Pre-cultured clostridium difficile strain BCRC17797, clostridium cadaveri strain BCRC14511, and clostridium tyrobutyricum strain BCRC14535 provided in experiment 3.2 were inoculated in the first airtight bottle of the above three airtight serum bottles, respectively, at an inoculation rate of about 30%; inoculating the pre-cultured clostridium difficile strain BCRC17797 and clostridium tyrobutyricum strain BCRC14535, respectively, in a second air-tight serum bottle at an inoculation rate of about 30%; in a third air-tight serum bottle, pre-cultured clostridium cadaveric strain BCRC14511 and clostridium tyrobutyricum strain BCRC14535 were inoculated at an inoculation rate of about 30%, respectively. Then, the three air-tight serum bottles were cultured in an anaerobic incubator at 37 ℃, samples were taken at 24 hours and analyzed by an Agilent 1100 series high performance liquid chromatography apparatus in combination with an Aminex HPX-87H (300mm x 7.8mm) column, and the amounts of glucose and lactic acid consumed and the amounts of acetic acid and butyric acid produced in the medium were calculated, respectively, and the butyric acid carbon conversion and the organic acid carbon conversion were calculated, and the results are shown in table 17.
TABLE 17
Figure GDA0001787232480000411
As can be seen from table 17, the first group of microbial co-culture systems has significantly higher butyric acid carbon conversion and organic acid carbon conversion compared to the second or third group of microbial co-culture systems. The foregoing results show that the co-culture system of three strains, clostridium dyclonum strain BCRC17797, clostridium cadaveri strain BCRC14511, and clostridium tyrobutyricum strain BCRC14535, provides better carbon conversion than the co-culture system of two strains cultured simultaneously.
Experiment 3-3-5
Glucose and CSL-CGM medium were mixed to provide a mixed medium (pH 6.0) having a glucose concentration of 10 g/L and a CSL concentration of about 5%, and the mixed medium was deoxygenated. Thereafter, 60 ml of the above-mentioned oxygen-removed mixed medium was poured into each of three airtight serum bottles.

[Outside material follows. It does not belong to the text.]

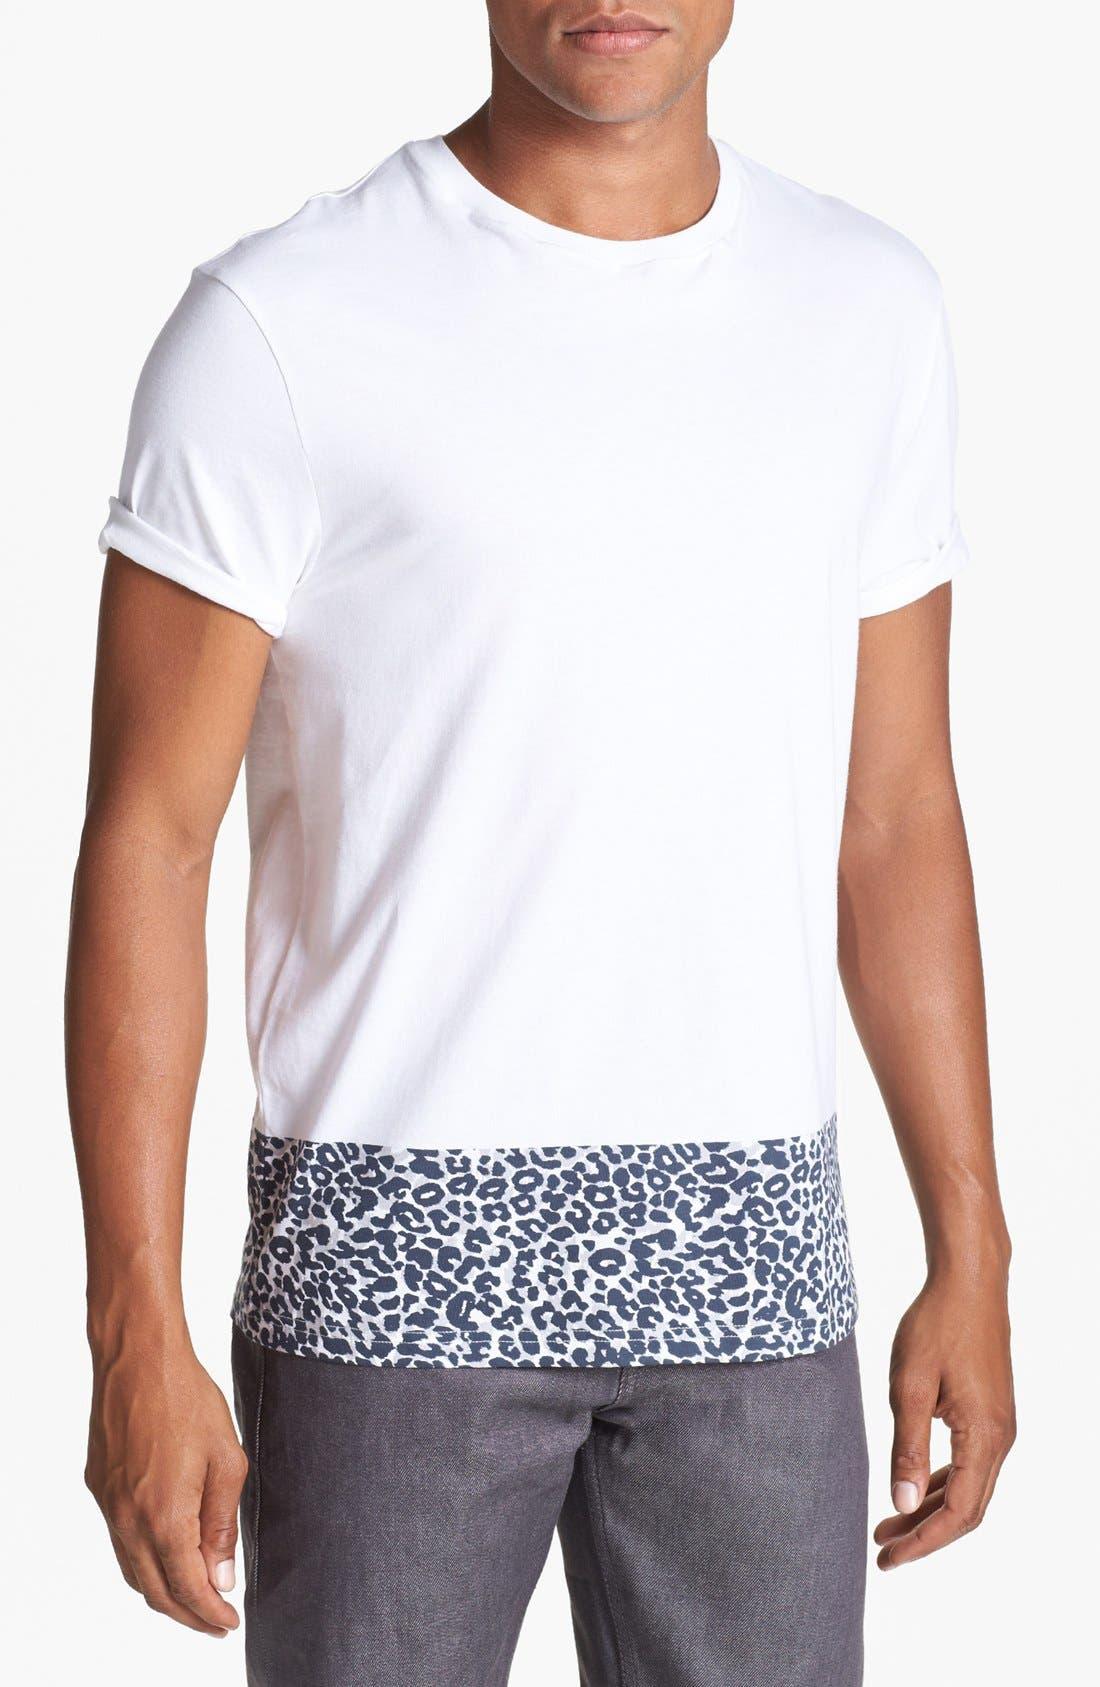 Alternate Image 1 Selected - Topman Leopard Print Trim T-Shirt

Pre-cultured clostridium difficile strain BCRC17797, clostridium cadaveri strain BCRC14511, and clostridium tyrobutyricum strain BCRC14535 provided in experiment 3.2 were inoculated in the first airtight bottle of the above three airtight serum bottles, respectively, at an inoculation rate of about 30%; inoculating the pre-cultured clostridium difficile strain BCRC17797 and clostridium tyrobutyricum strain BCRC14535, respectively, in a second air-tight serum bottle at an inoculation rate of about 30%; in a third air-tight serum bottle, pre-cultured clostridium cadaveric strain BCRC14511 and clostridium tyrobutyricum strain BCRC14535 were inoculated at an inoculation rate of about 30%, respectively. Then, the three air-tight serum bottles were cultured in an anaerobic incubator at 37 ℃, samples were taken at 24 hours and analyzed by an Agilent 1100 series high performance liquid chromatography apparatus in combination with an Aminex HPX-87H (300mm x 7.8mm) column, and the amounts of glucose and lactic acid consumed and the amounts of acetic acid and butyric acid produced in the above-mentioned medium were calculated, respectively, and the butyric acid carbon conversion and the organic acid carbon conversion were calculated, and the results are shown in table 18.
Watch 18
Figure GDA0001787232480000421
As can be seen from table 18, the first group of microbial co-culture systems has significantly higher butyric acid production efficiency, butyric acid carbon conversion rate, and organic acid carbon conversion rate compared to the second or third group of microbial co-culture systems. The foregoing results show that the co-culture system of three strains, clostridium dyclonum strain BCRC17797, clostridium cadaveri strain BCRC14511, and clostridium tyrobutyricum strain BCRC14535, provides better butyric acid yield and carbon conversion rate than the co-culture system of two strains cultured simultaneously.
Experiment 3-3-6
Glucose and CSL-CGM medium were mixed to provide a mixed medium (pH 6.0) having a glucose concentration of 10 g/L and a CSL concentration of about 7%, and the mixed medium was deoxygenated. Thereafter, 60 ml of the above-mentioned oxygen-removed mixed medium was poured into each of three airtight serum bottles.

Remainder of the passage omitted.